The Indiana Lawyer takes a historical look at how the death penalty system has evolved during the past 40 years and how Indiana has amended its practices and procedures through the decades.


1972
The Supreme Court of the United States struck down the death penalty with its ruling in Furman v. Georgia, 408 U.S. 238 (1972), holding that all state death penalty sentencing statutes were unconstitutional under the Eighth Amendment’s cruel and unusual punishment clause because they allowed for arbitrary and capricious imposition.

1973
The Indiana General Assembly enacted a new death penalty sentencing statute, but a 1976 SCOTUS decision in Woodson v. North Carolina struck down a similar statute. The Indiana Supreme Court later struck down this state’s revised death penalty statute.

1976
Now-retired Justice John Paul Stevens joined with a U.S. Supreme Court majority in Gregg v. Georgia, 428 U.S. 153 (1976), which overruled Furman v. Georgia and helped pave the way for states to re-enact capital punishment.

1977
Indiana reintroduced capital punishment, and that sentencing statute remains in effect today.

1981
Indiana saw its first execution following the death penalty’s re-enactment. The defendant was Steven Judy, who’d been sentenced a year earlier but waived non-mandatory appeals.

1987
Indiana increased the minimum age of a person eligible for execution from 10 to 16.

1989
The state General Assembly created the Indiana Public Defender Commission to set standards for capital attorneys, and it authorized the commission to reimburse counties 50 percent of defense costs in capital cases.

1990-92
The Indiana Supreme Court established Criminal Rule 24 to set mandatory standards for appointing and compensating trial and appellate counsel in death penalty cases.

1993
The Indiana General Assembly created Life Without Parole as a sentencing option in capital murder cases, and a year later prosecutors were given the authority to ask for LWOP rather than requesting a death sentence.

1994
The Indiana General Assembly banned the execution of the mentally retarded, a legislative decision that preceded the 2002 SCOTUS ruling in Atkins v.
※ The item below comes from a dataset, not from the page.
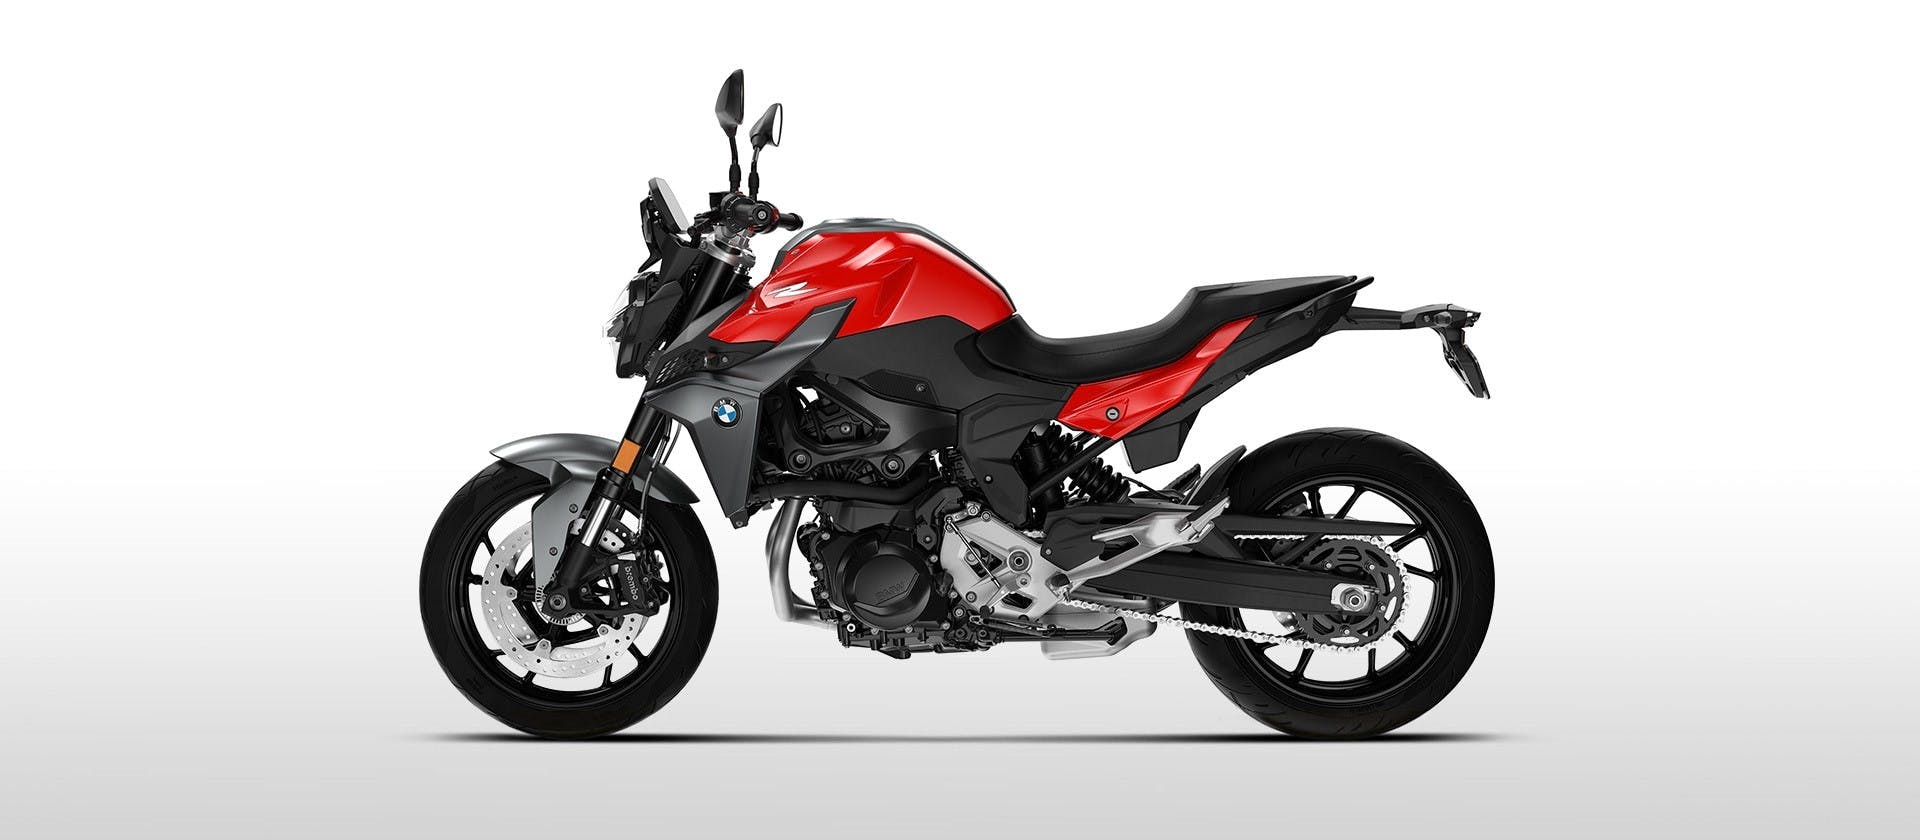 BMW F 900 R Exclusive in racing red colour

Virginia that held the same.

1995
Indiana changed the method of execution from electrocution to lethal injection.

2002
Indiana increased the minimum age of a person eligible for execution from 16 to 18, a decision that preceded the 2005 SCOTUS ruling that held executing anyone under 18 was cruel and unusual.

2007
• An American Bar Association panel of Indiana attorneys and legal scholars issued a report calling for a moratorium on the state’s death penalty on the grounds that the state lacks the ability for its appellate courts to review whether different crimes merit that penalty. Legislation followed in subsequent years, but did not gain approval.
• In honor of the late Sen. Anita Bowser (D-Michigan City), the Indiana Senate created an interim study commission to examine the issue of executing the mentally ill. That commission voted to recommend a bill that would exempt defendants identified to have serious mental illness, but no definition of that term was agreed on and a bill introduced in 2008 was not enacted. No further action has been taken.

2008
In Baze v. Rees, 553 U.S. 35 (2008), Justice Stevens voted with the majority in upholding Kentucky’s method of lethal injection because he felt bound by stare decisis. However, he issued a concurrence in that case that put him with three other former justices in concluding that state-sanctioned killing (capital punishment) is unconstitutional under the Eighth Amendment.

2010
Indiana Attorney General Greg Zoeller held a criminal justice summit at Notre Dame Law School to discuss the economic impact of capital punishment. A final report is being submitted to Indiana legislators, but no legislation was introduced in 2011 as a result of that conference.

2011
In March, Illinois became the 16th state to ban executions, a move that came a decade after Illinois imposed a moratorium on the death penalty due to concern about wrongful convictions. This follows what other states have done on grounds of wrongful conviction and exoneration trends, fiscal considerations, or public policy changes at the state level.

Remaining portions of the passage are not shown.